Column (2) reports the results after I instrument for 𝐿𝑜𝑐𝑎𝑡𝑖𝑜𝑛𝐴𝑃𝐼𝑖𝑗𝑡−1 with air pollution
from distant sources. The coefficient estimates for 𝐿𝑜𝑐𝑎𝑡𝑖𝑜𝑛𝐴𝑃𝐼𝑖𝑗𝑡−1 is more negative,
suggesting that an upward bias does exist if I do not instrument for 𝐿𝑜𝑐𝑎𝑡𝑖𝑜𝑛𝐴𝑃𝐼𝑖𝑗𝑡−1. None of
the coefficient estimates for the other regressors is statistically significant. Thus, people were
less likely to choose a city with more air pollution, but I cannot conclude whether or not people
were more responsive to air pollution in a city if they were at that city the year before or if they
had been to that city before.
If air pollution did not cause out-migration but “only” determined destination once an
individual had already decided to migrate, I should only observe an effect (𝛼 < 0) in the
conditional logit, and I should not observe a positive effect in the out-migration equation. In fact,
my results do suggest a negative effect (𝛼 < 0) in the conditional logit and a positive effect on
out-migration. I take these results as evidence that air pollution did cause out-migration.
V. Robustness
21
A. Comparison Between Interpolated Values and True Values
In this section, I present an additional piece of evidence that supports the interpolation
method I adopt, in addition to Table III. In particular, I test the reliability of the interpolation by
comparing the interpolated values and the true values of the average API for 10 randomly
selected cities monitored by the MEP in 2013, the last year in the analysis of location choice.

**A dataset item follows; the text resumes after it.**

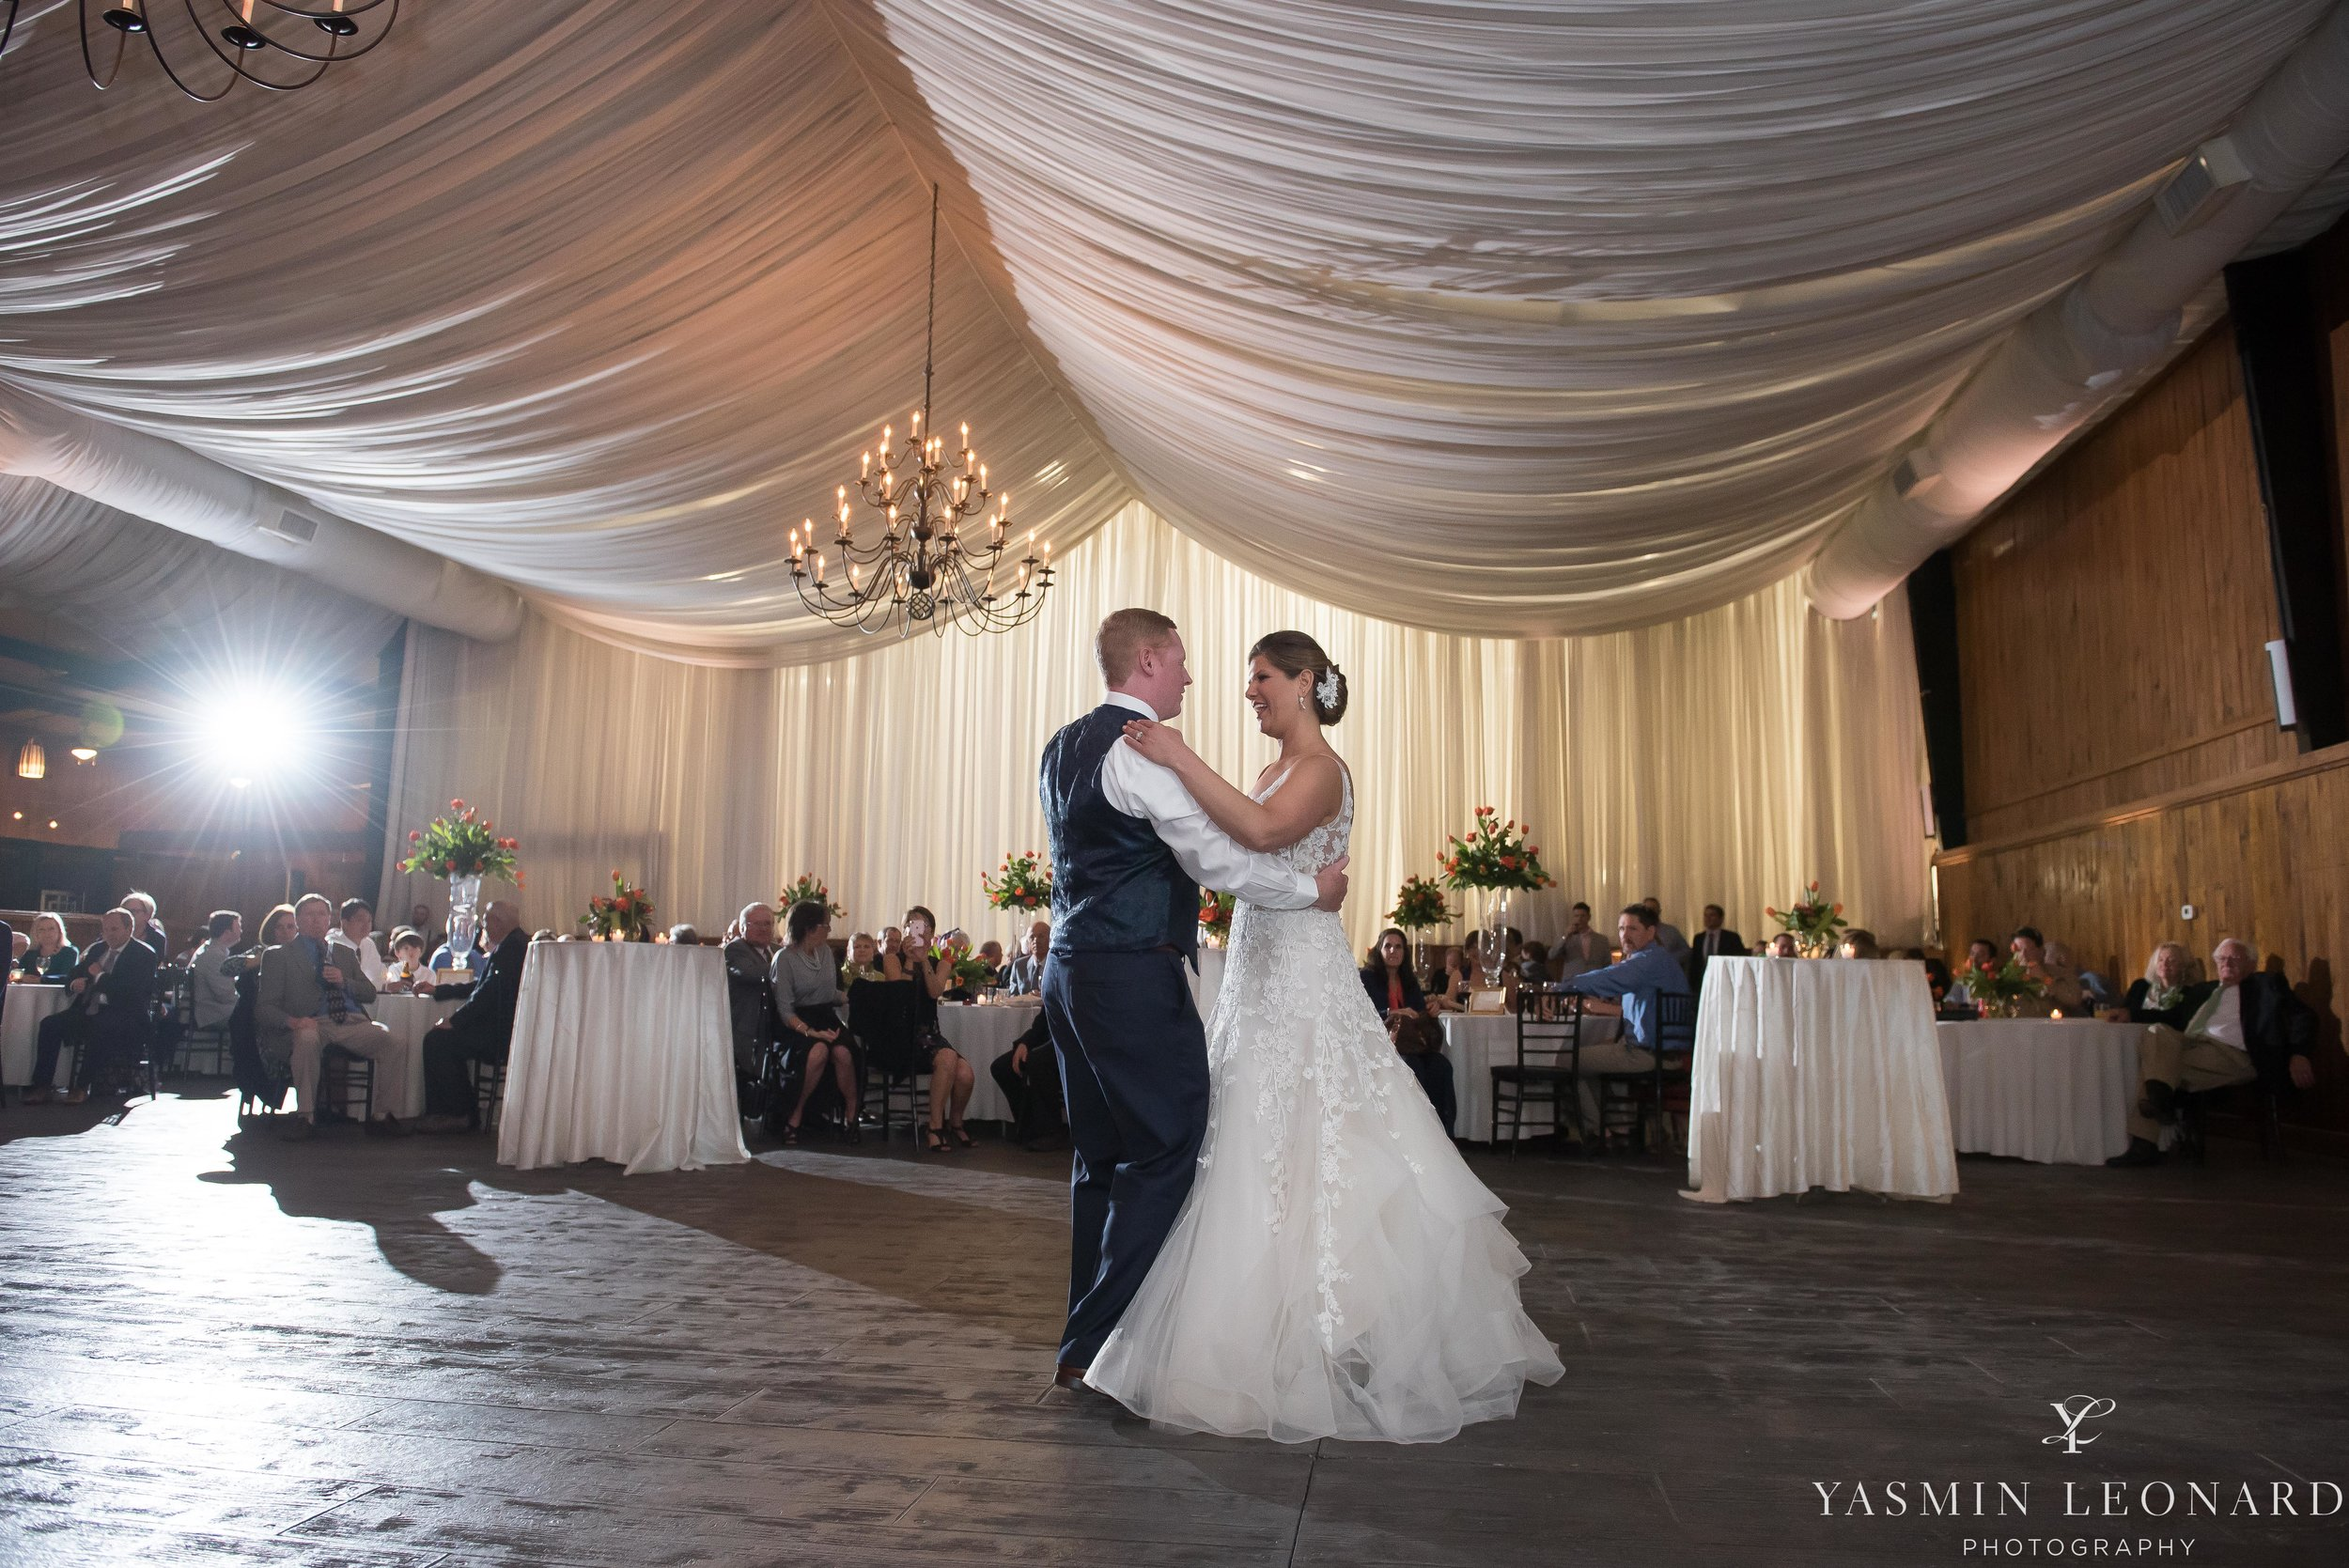 Adaumont Farm - Adaumont Farm Weddings - Trinity Weddings - NC Weddings - Yasmin Leonard Photography-60.jpg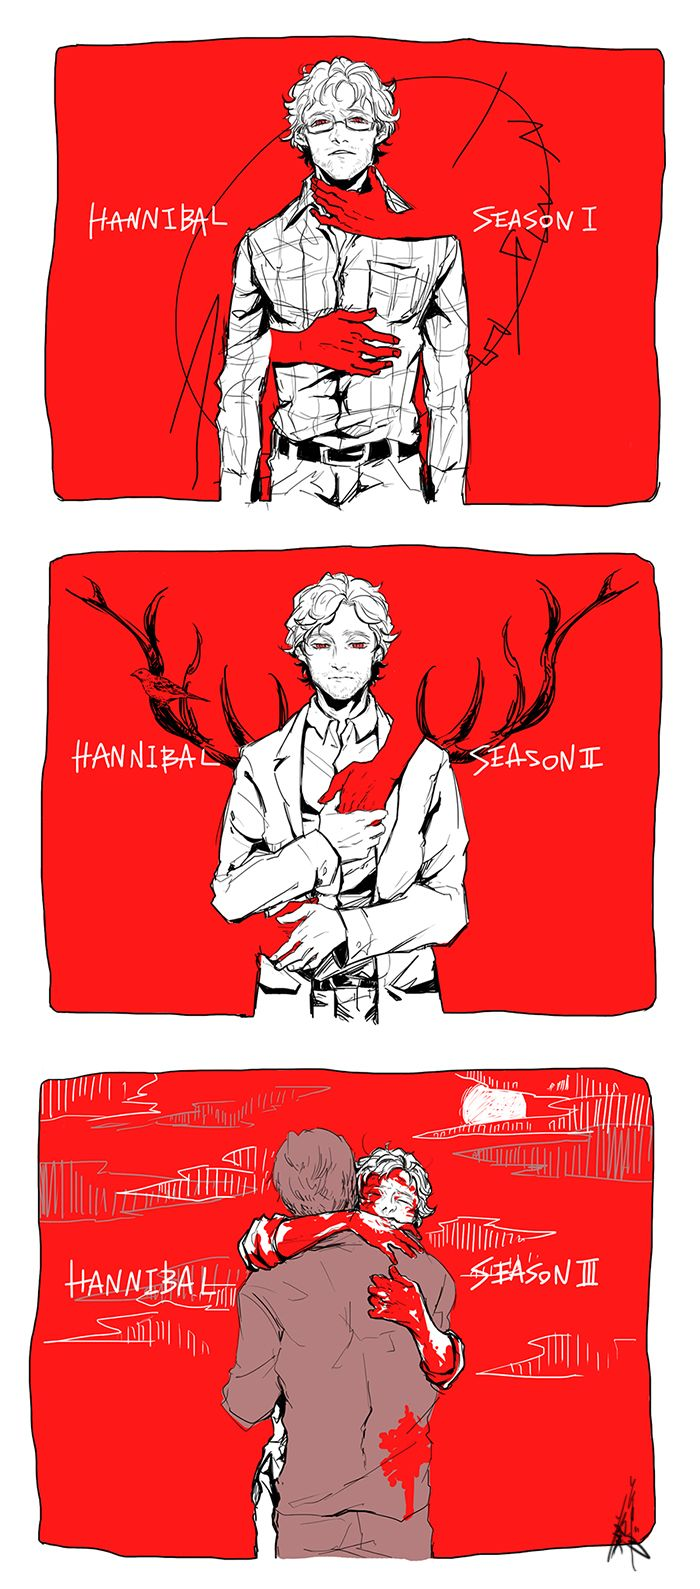 Hannibal fan art. Source: soyogi-bon.tumblr

Since there were 68 monitored cities in 2013, the interpolation is performed using the average
API of the other 58 monitored cities. Table VIII shows the 10 cities, their location, and the
interpolated values and the true values of the average API. The interpolated values are
reasonably close to the true values, with a correlation of 0.8861. Furthermore, since 190 cities
were monitored for the AQI in 2014, the interpolation on these cities for the analysis of out-
migration should be even more reliable.
B. Other Exclusion Distances and Pollutants
In Table IX, I present the main out-migration results for varying exclusion distances that
I use to calculate the instrument and with different pollutants as the regressors of interest. As
mentioned above, the exclusion distance is the distance beyond which an emitter city is not
counted toward the air pollution from distant sources of a receiver city. For all columns, I
employ having a migrant in the household as the dependent variable and include household and
year fixed effects. The main coefficient estimates of all specifications are positive and
statistically significant. The magnitude of the coefficient estimates is generally increasing in the
exclusion distance, consistent with the fact that larger exclusion distances imply that the
instrument is less correlated with local economic activities. At the same time, larger exclusion
22
distances do not translate into less correlation between the instrument and the pollutant
concentration, as shown in the first stage and its F-statistics. This further lends credibility to my
choice of 120km as the exclusion distance.
VI. Conclusion
In this paper, I have studied whether people in China moved from more polluted cities to
less polluted cities. By using the API and the AQI data published by the MEP and the 2014 and
2016 CLDS sample, I have offered different strategies to study the effect of air pollution in the
origin and the destination: by estimating a fixed-effect model and by estimating a model of
location choice. In both models, I have implemented IV strategies to address the potential
concern that air pollution is endogenous to local economic activities.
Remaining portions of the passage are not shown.